Smart Transport

Abstract

Smart transportation is a vital piece of the smart city. This chapter discusses the importance of smart transportation in the safety, mobility, and environmental impacts on the smart city. It covers some of the important applications and technologies that make up a smart transportation system along with the standardization activities and issues surrounding this area.

1 Introduction

Smart transport is a vital system within a smart city. Efficient and safe movement of people and goods throughout a city is at the heart of what makes a city “smart.” However, enabling smart transport within a city is much easier said than done. Technologies are being introduced at a much faster rate than cities can adopt and city officials around the world are grappling with how to fund the deployment of smart transportation technologies while their existing infrastructure is underfunded and crumbling.

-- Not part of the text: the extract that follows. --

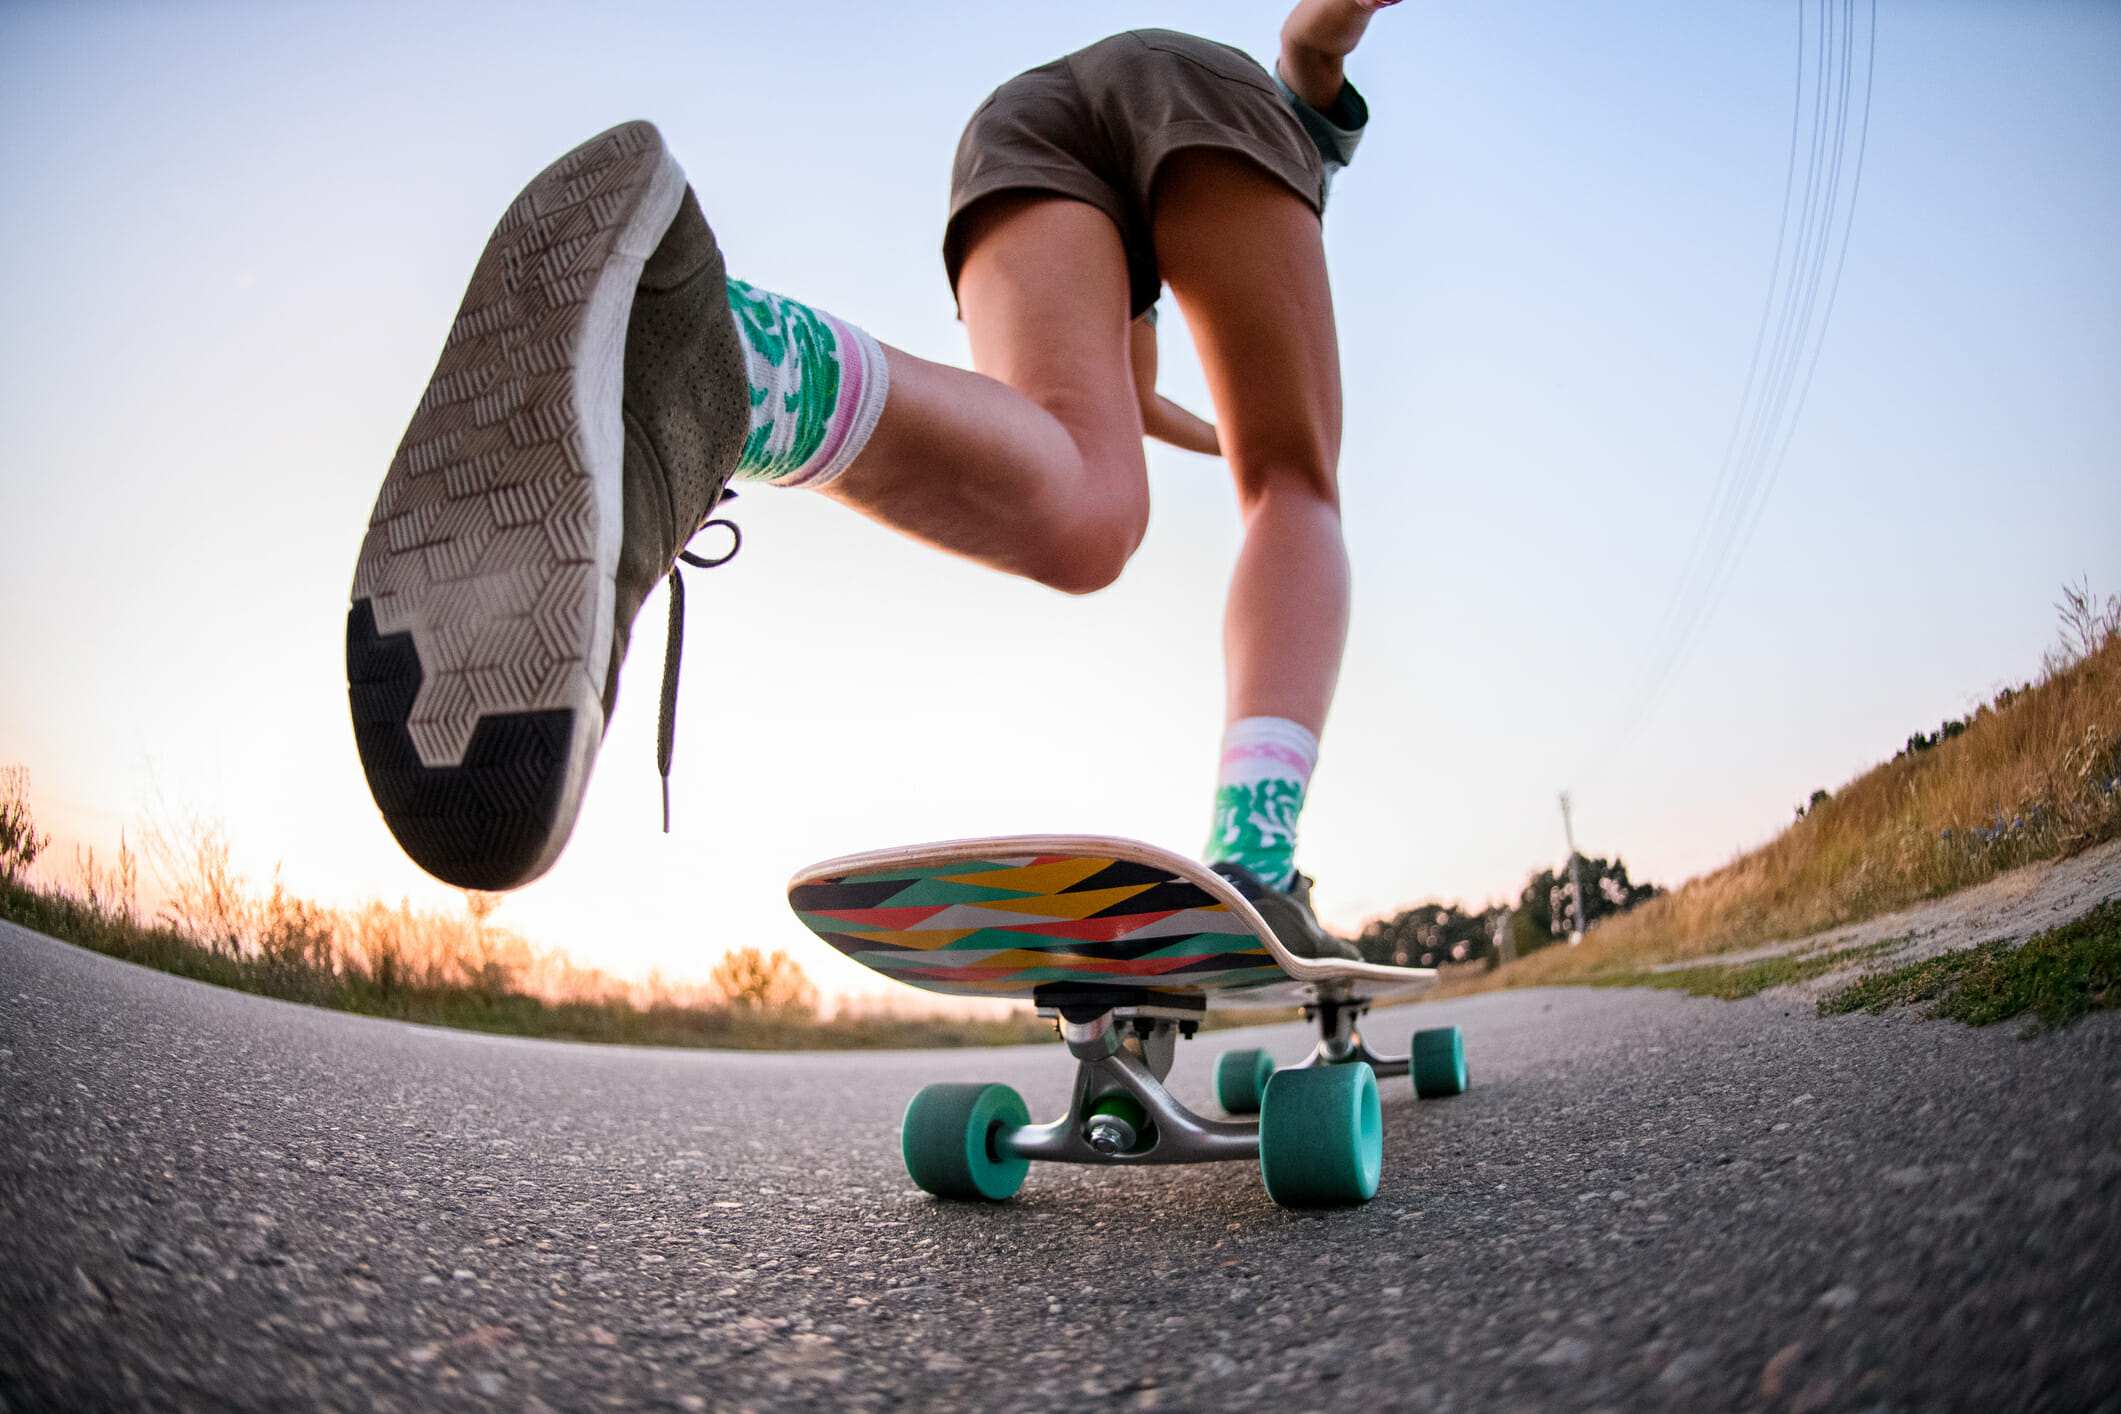 low angle view of girl who is riding on skateboard on the asphalt. Close-up of girl's legs

Even in the face of these challenges, we mustn’t give up as there is too much at stake. The World Health Organization reports over 1.25 million traffic related deaths worldwide annually [1]. Imagine the calamity and public outcry if a Boeing 737 carrying 143 passengers crashed once per hour somewhere around the world. Yet this is exactly the death rate we are facing on our roads every day. On top of the deaths and injuries caused by traffic accidents, we are struggling with mobility as residents of cities worldwide are stuck in congestion for multiple days of time annually [2]. This congestion negatively impacts cities both economically and environmentally.

Smart cities work to enable intelligent transportation systems (ITS ) by piloting and deploying innovative solutions to these challenges. ITS is undergoing somewhat of a revolution due to emerging technologies such as connected vehicles, automated vehicles, and enhanced decision support systems. Information and communication technologies (ICT ) are rapidly changing what is possible and opening up new opportunities for cities to leverage these solutions to enable smart transport.

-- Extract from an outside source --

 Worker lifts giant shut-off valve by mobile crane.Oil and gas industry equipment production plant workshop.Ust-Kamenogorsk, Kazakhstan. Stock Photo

2 Applications for Smart Transport

There are a wide variety of applications that a smart city can utilize to enable smart transport. These range from safety applications that allow vehicles to communicate with other vehicles and infrastructure to environmental and mobility applications such as transit signal priority. These applications also range in complexity and maturity. Some applications have only been identified and defined. Others have been deployed, tested, and refined. The following sections provide an overview of some example smart transport applications that a smart city can leverage.

2.1 Emergency Electronic Brake Lights (EEBL)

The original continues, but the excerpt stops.